*** Opening of GIVEN RECORDS ***

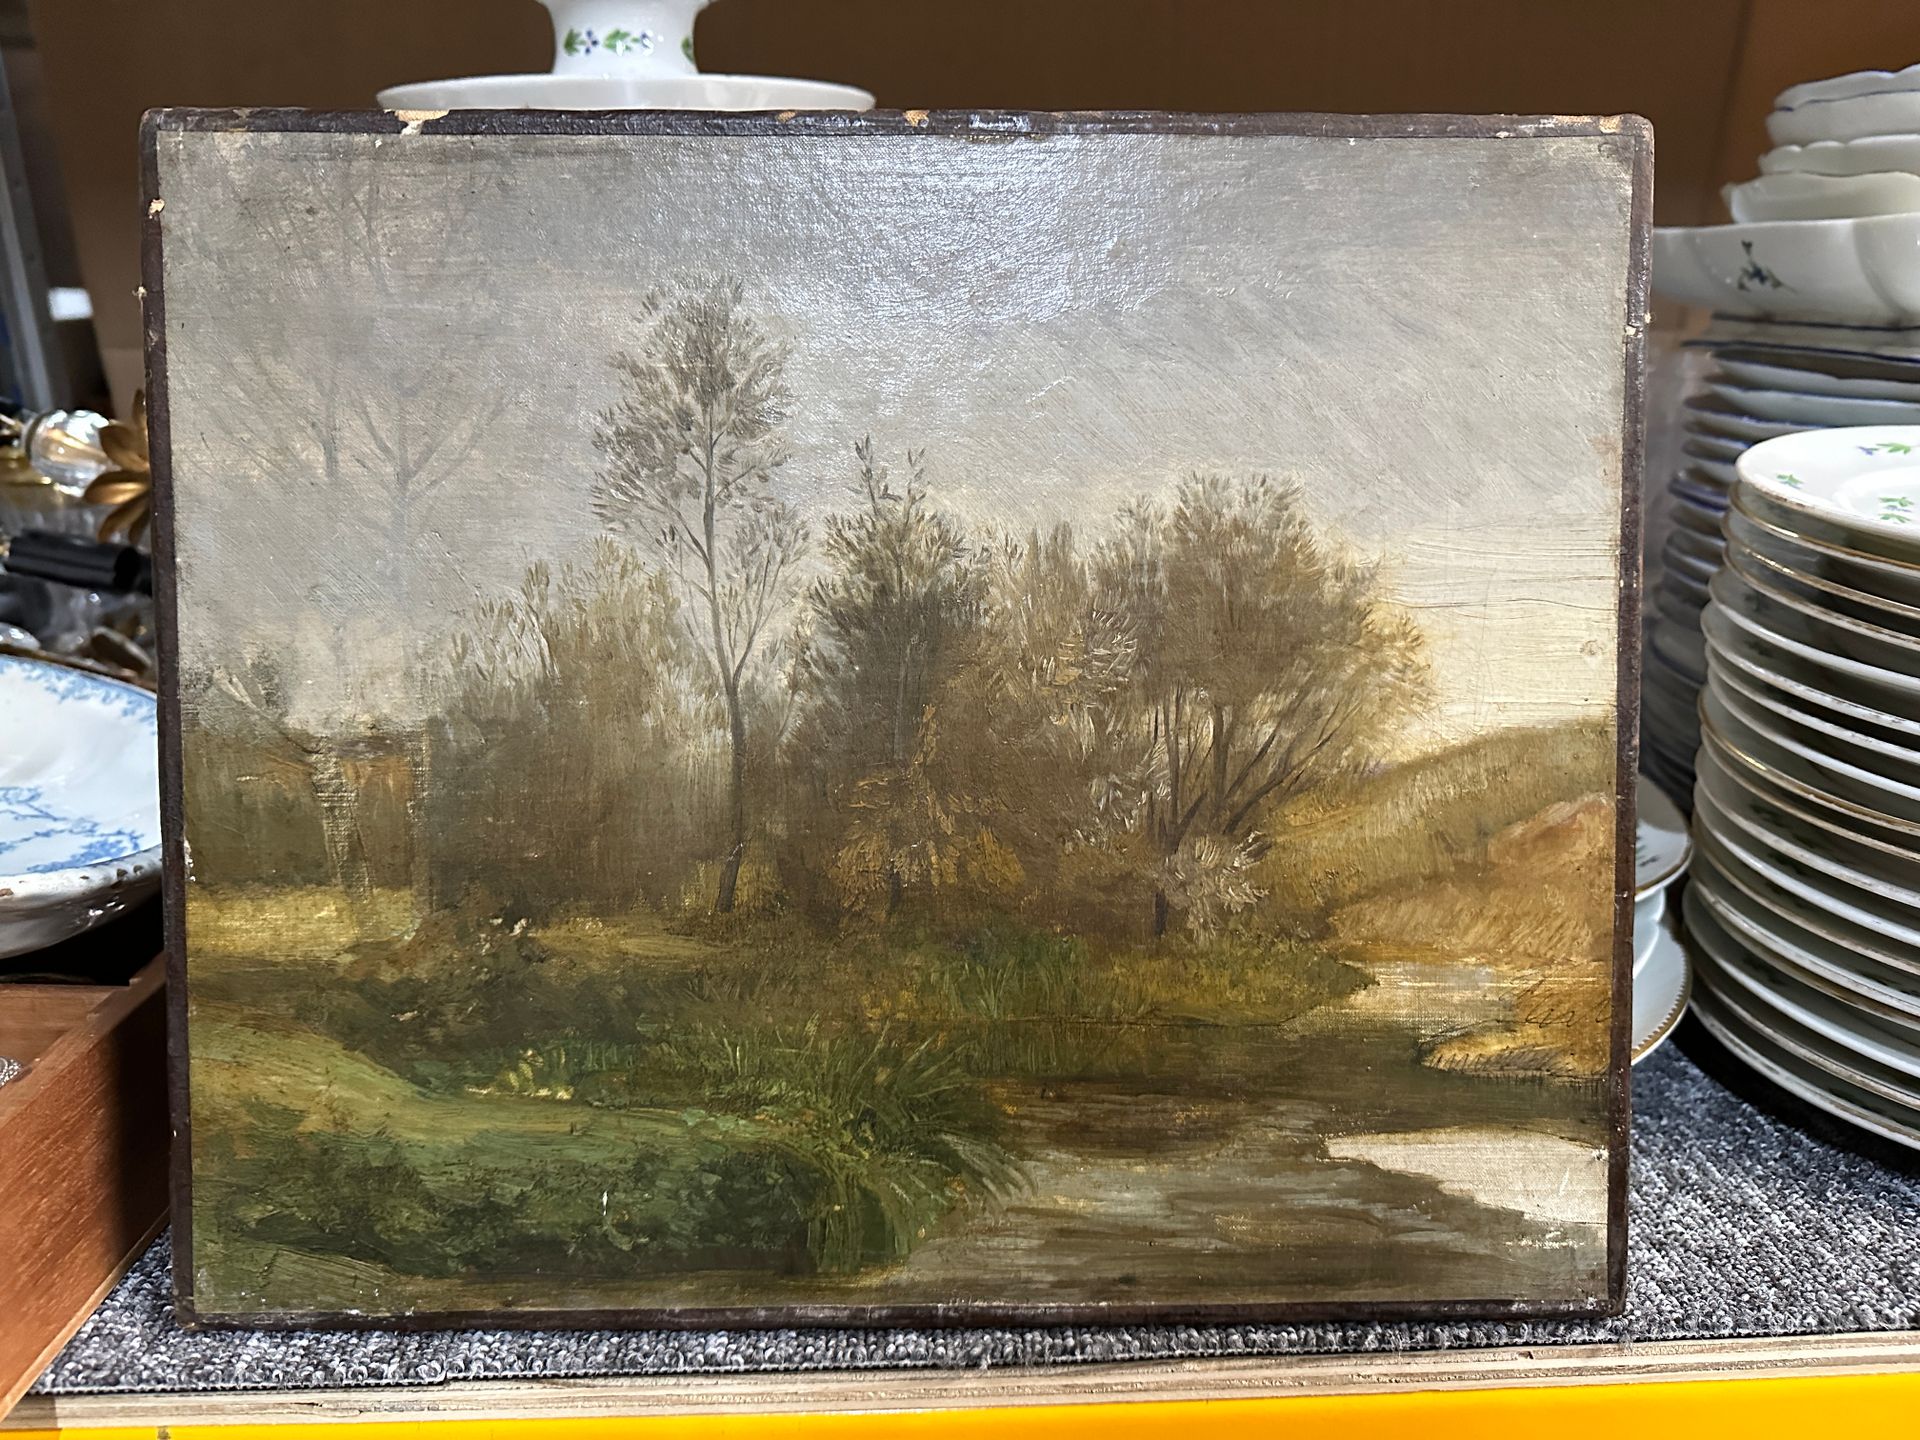 Null Scuola Barbizon

Paesaggio lacustre con alberi

Olio su tela

31 x 37,5 cm
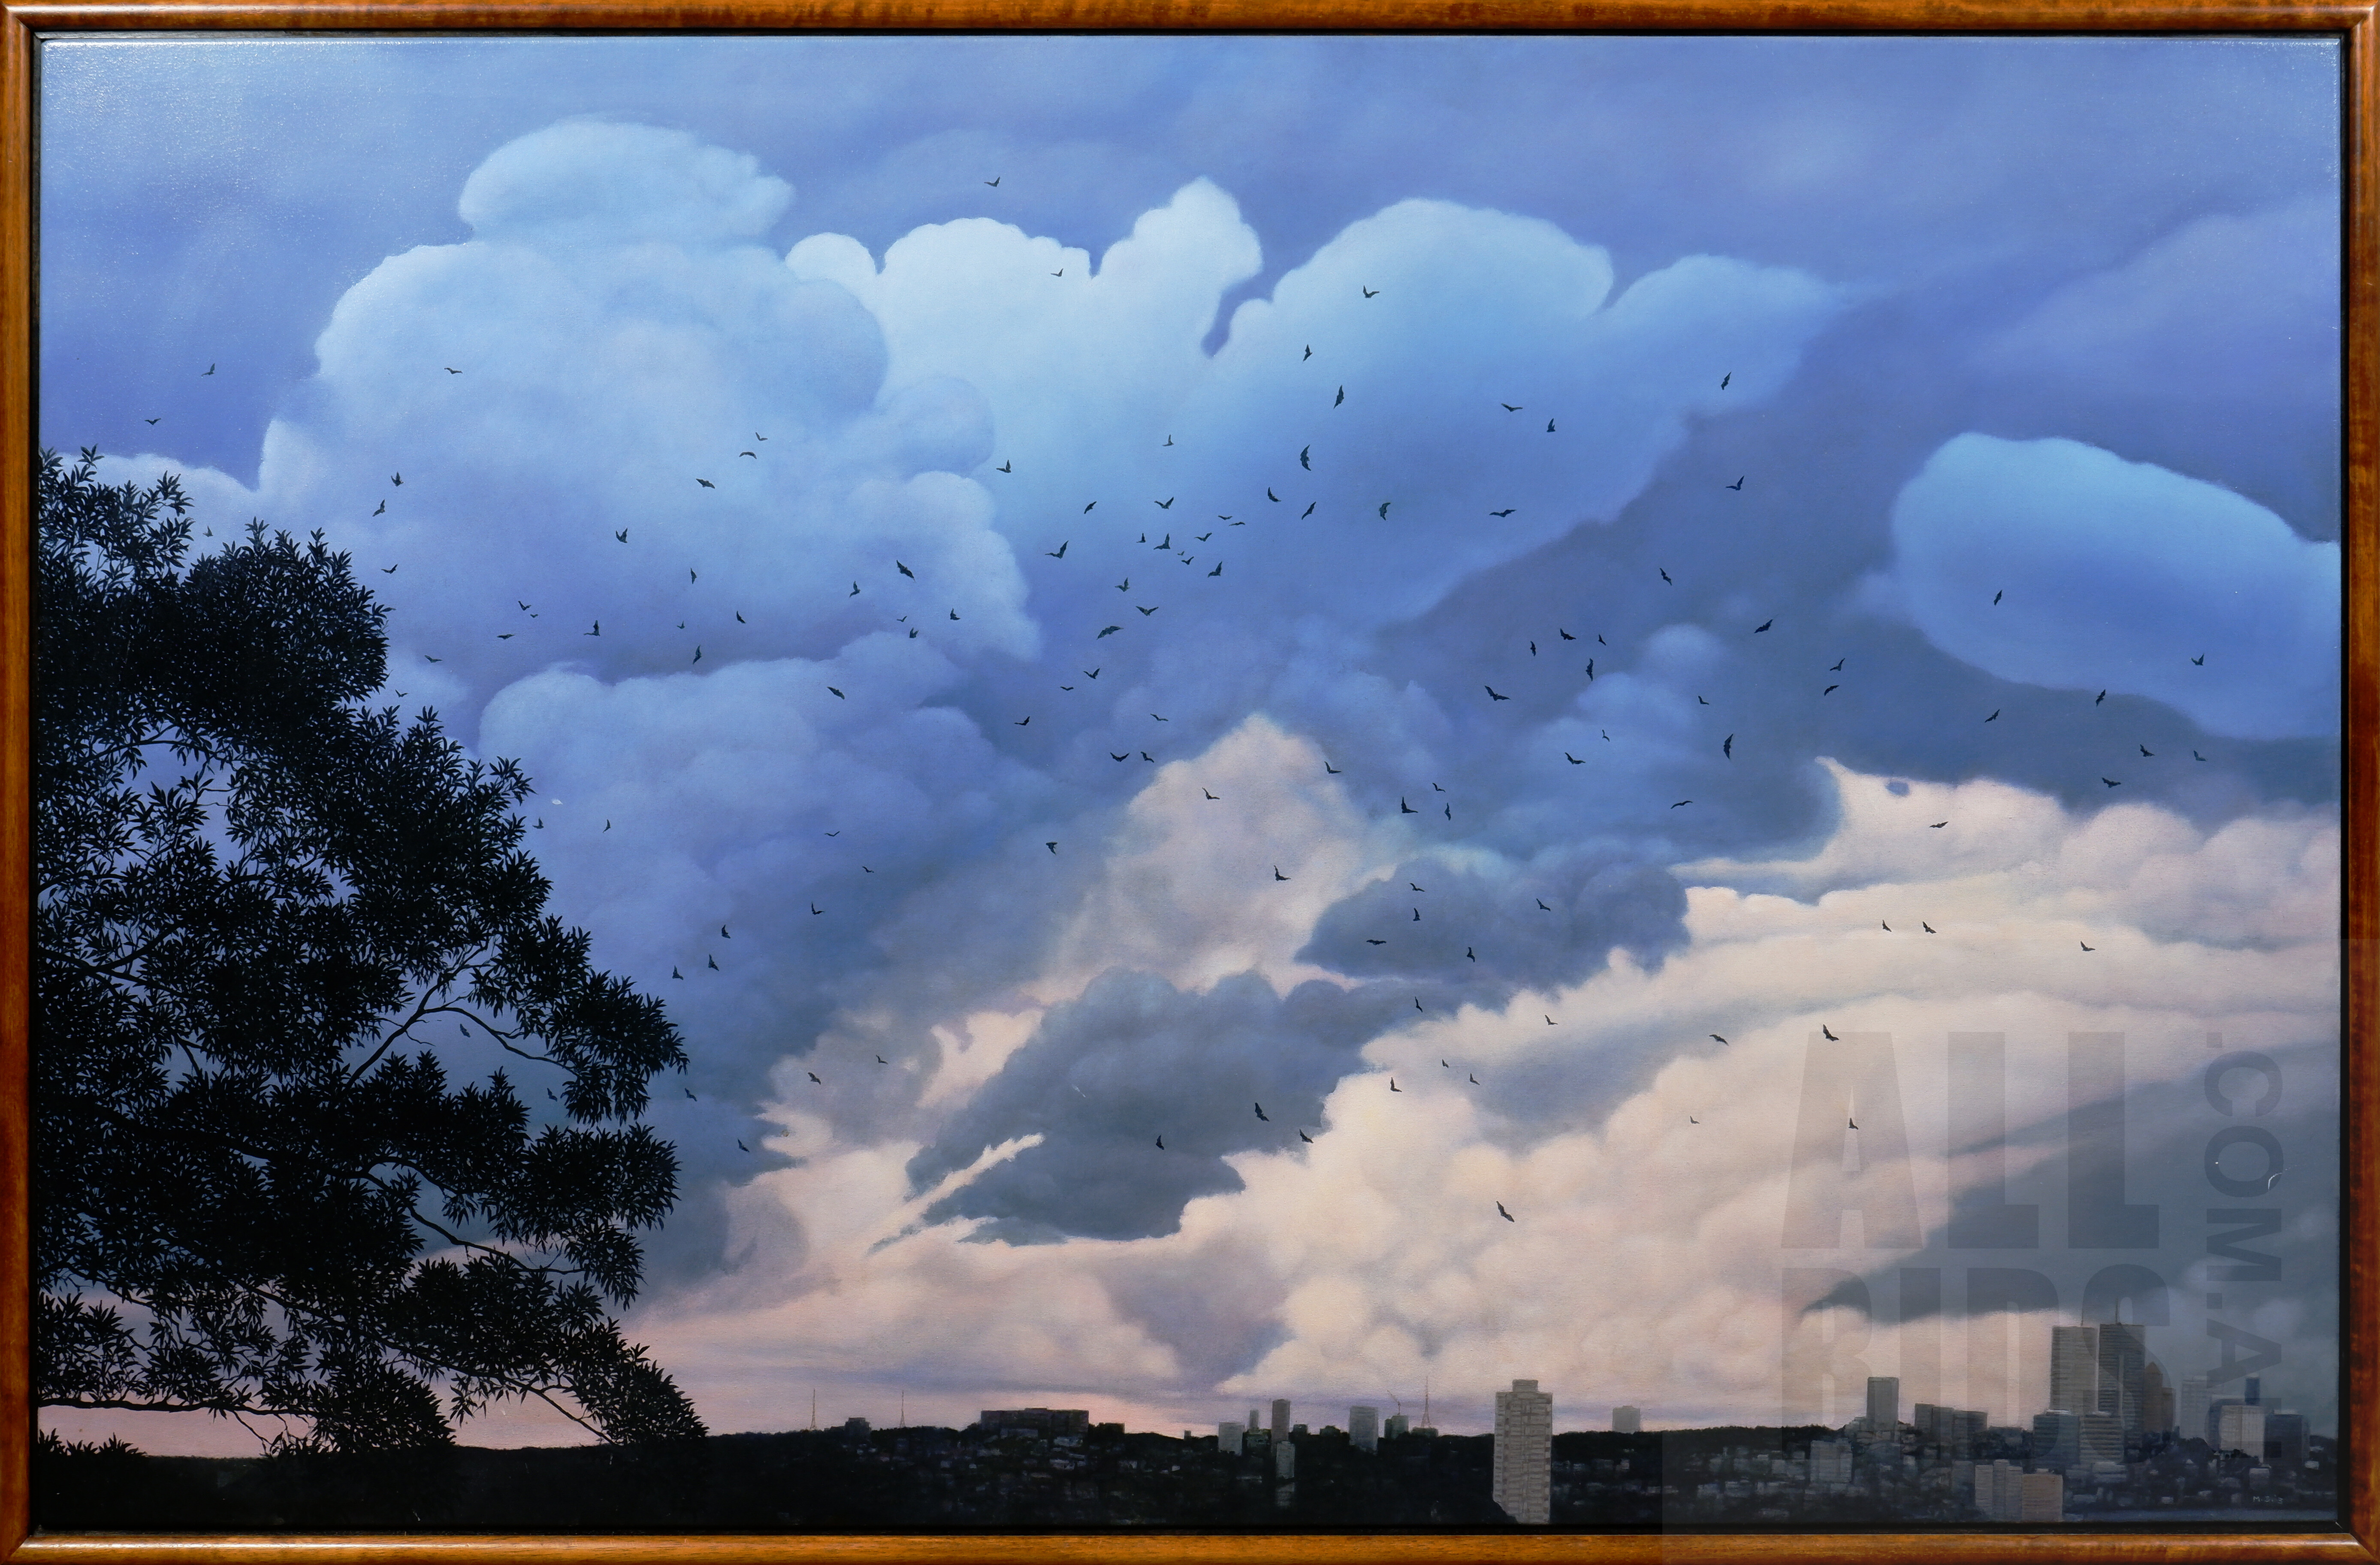 'Michael Schlieper (born 1947), Crossing the Harbour 2003, Oil on Canvas, 107 x 167 cm'

*** Close of GIVEN RECORDS ***

Starting at the line that contains "Olio su tela", reproduce exactly and only the lines through the end of the entries above, with the pictures excluded.

Olio su tela

31 x 37,5 cm
 'Michael Schlieper (born 1947), Crossing the Harbour 2003, Oil on Canvas, 107 x 167 cm'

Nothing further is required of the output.